Archbishop Dennis Schnurr flanked by members of the Knights of Columbus at the deaconate ordination.

Archbishop Dennis Schnurr flanked by members of the Knights of Columbus.

The United States Conference of Catholic Bishops has once again declared a Fortnight for Freedom” from June 21 (the day before the Feasts of St. John Fisher and St. Thomas Moore) to July 4, asking all Catholics to work and pray for religious liberty in the United States. Archbishop Dennis Schnurr wrote a letterfor the June issue of the Catholic Telegraph calling on all Catholics in the Archdiocese to observe the Fortnight. Here is the text in full:

My Dear Friends in Christ,

Catholics everywhere have been appalled at the spectacle of Christians being persecuted for their faith in the Middle East perhaps most, notably the 21 Coptic men beheaded on the beaches of Libya earlier this year. However, the vast scale of Christian martyrdom in this century is not generally appreciated. The International Society for Human Rights estimates that some 150,000 Christians are killed for their faith every year.
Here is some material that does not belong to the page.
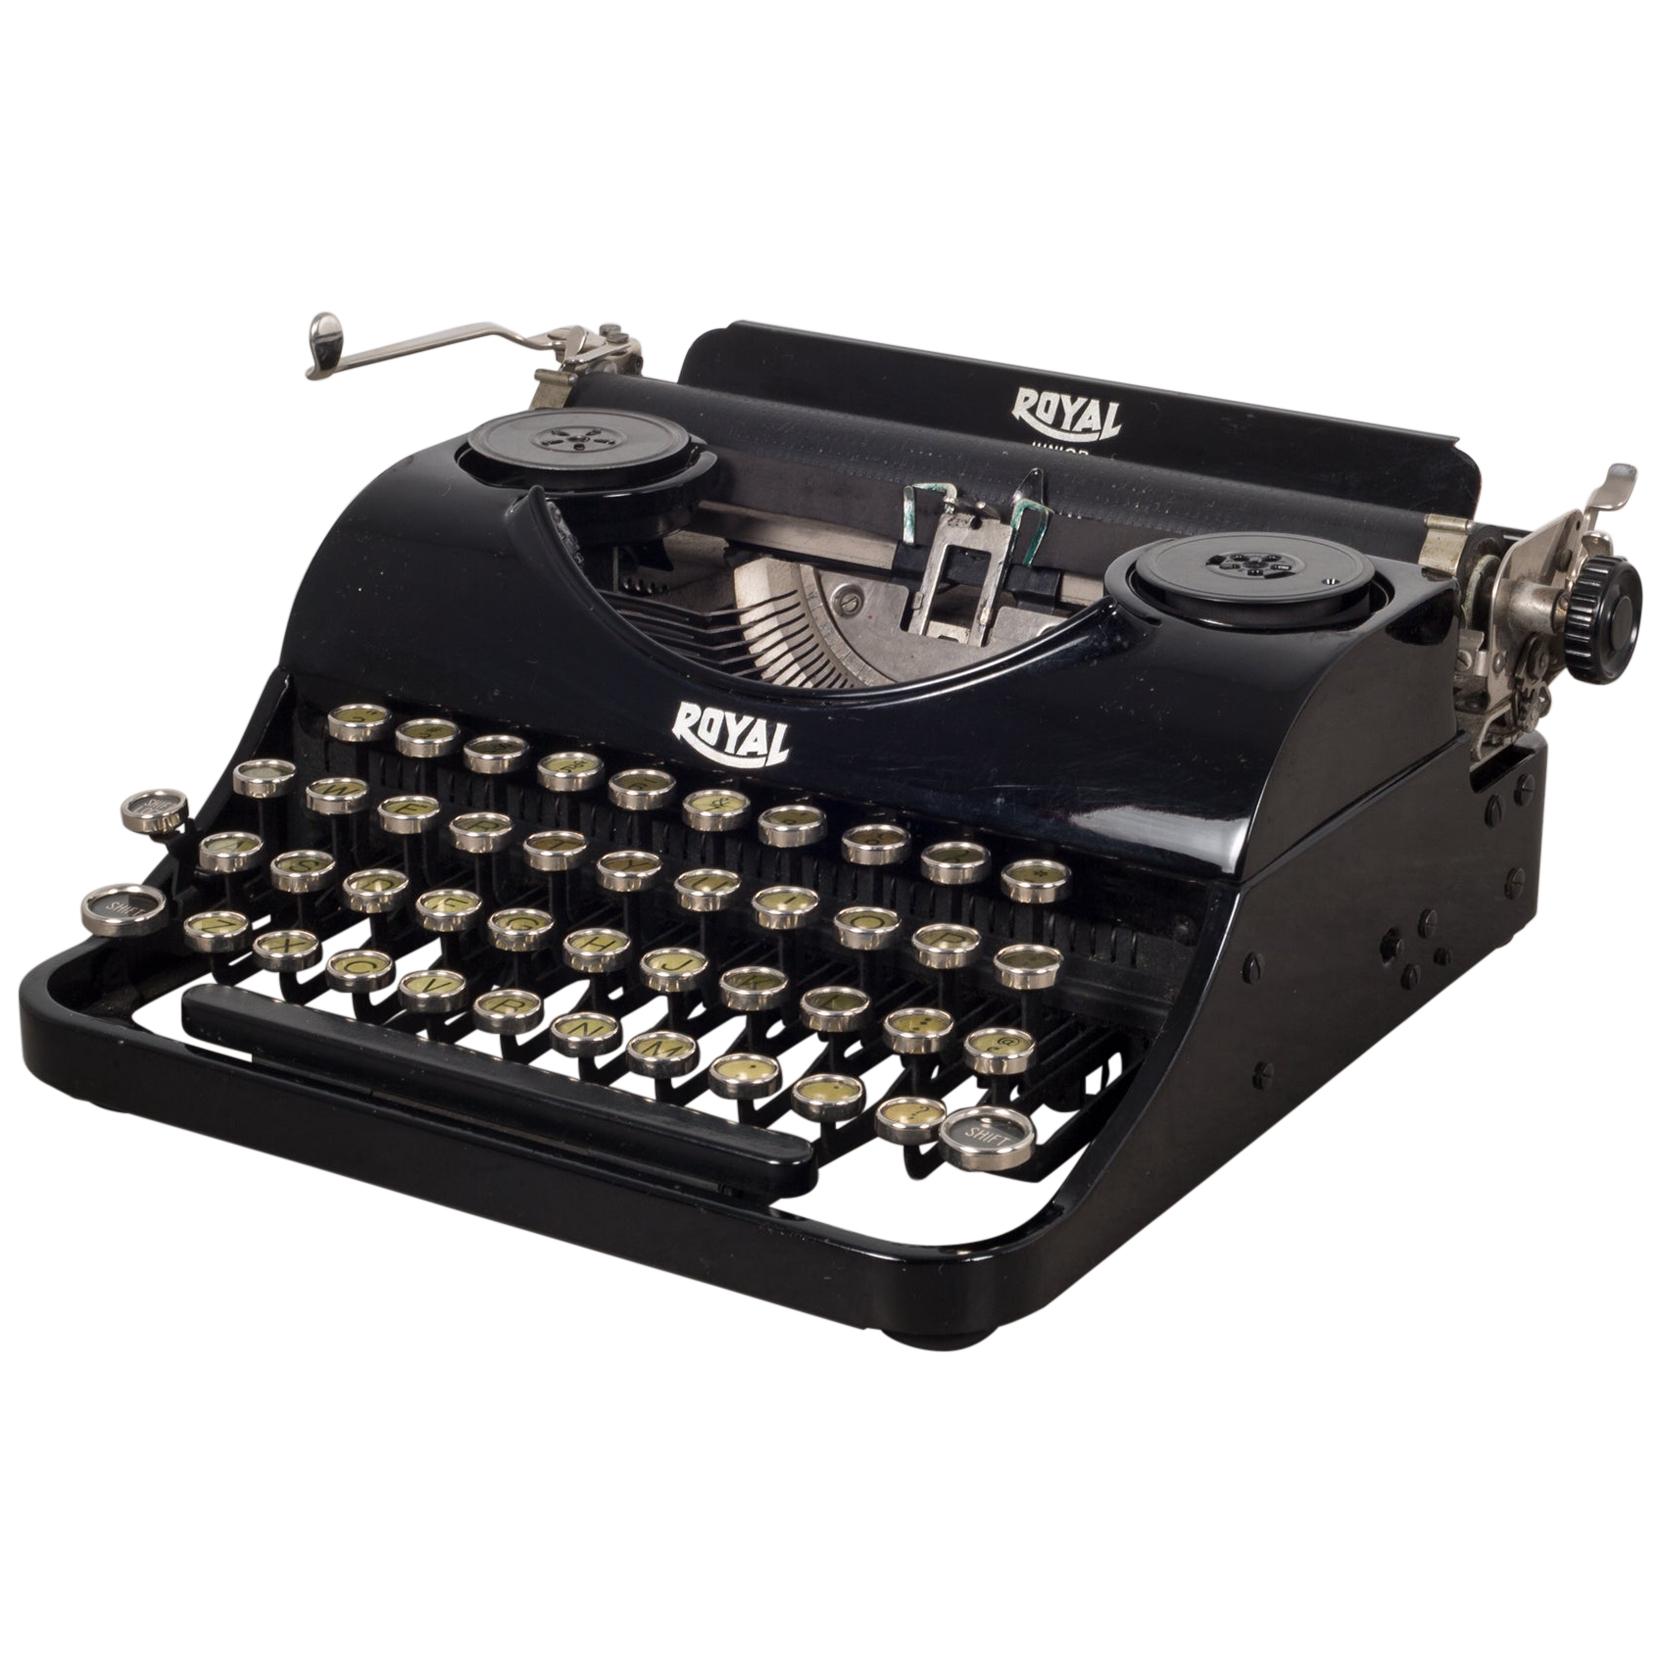 Antique Depression Era Royal Junior Typewriter, circa 1935

As American Catholics, we can and should be grateful that our freedom of religion – and everyone else’s freedom of religion – is protected from government incursion by the First Amendment to the Constitution. Today, however, that freedom is being rapidly eroded. That is why for the fourth consecutive year the United States Conference of Catholic Bishops is celebrating a Fortnight for Freedom, June 21 to July 4, 2015. These dates encompass the feast days of several great martyrs who were murdered by the state – St. Thomas More and St. John Fisher, St. John the Baptist, SS. Peter and Paul, and the First Martyrs of the Church of Rome.

The word “martyr” means “witness” in Greek. The theme of this year’s Fortnight is “Freedom to Bear Witness.” Freedom of religion is being redefined by the federal government to mean only freedom to worship, thus limiting our ability to witness to our faith by our actions. That is wrong. As Pope Francis said last year on the eve of the third Fortnight for Freedom, “Religious freedom is not simply freedom of thought or private worship. It is the freedom to live according to ethical principles, both privately and publicly, consequent to the truth one has found.”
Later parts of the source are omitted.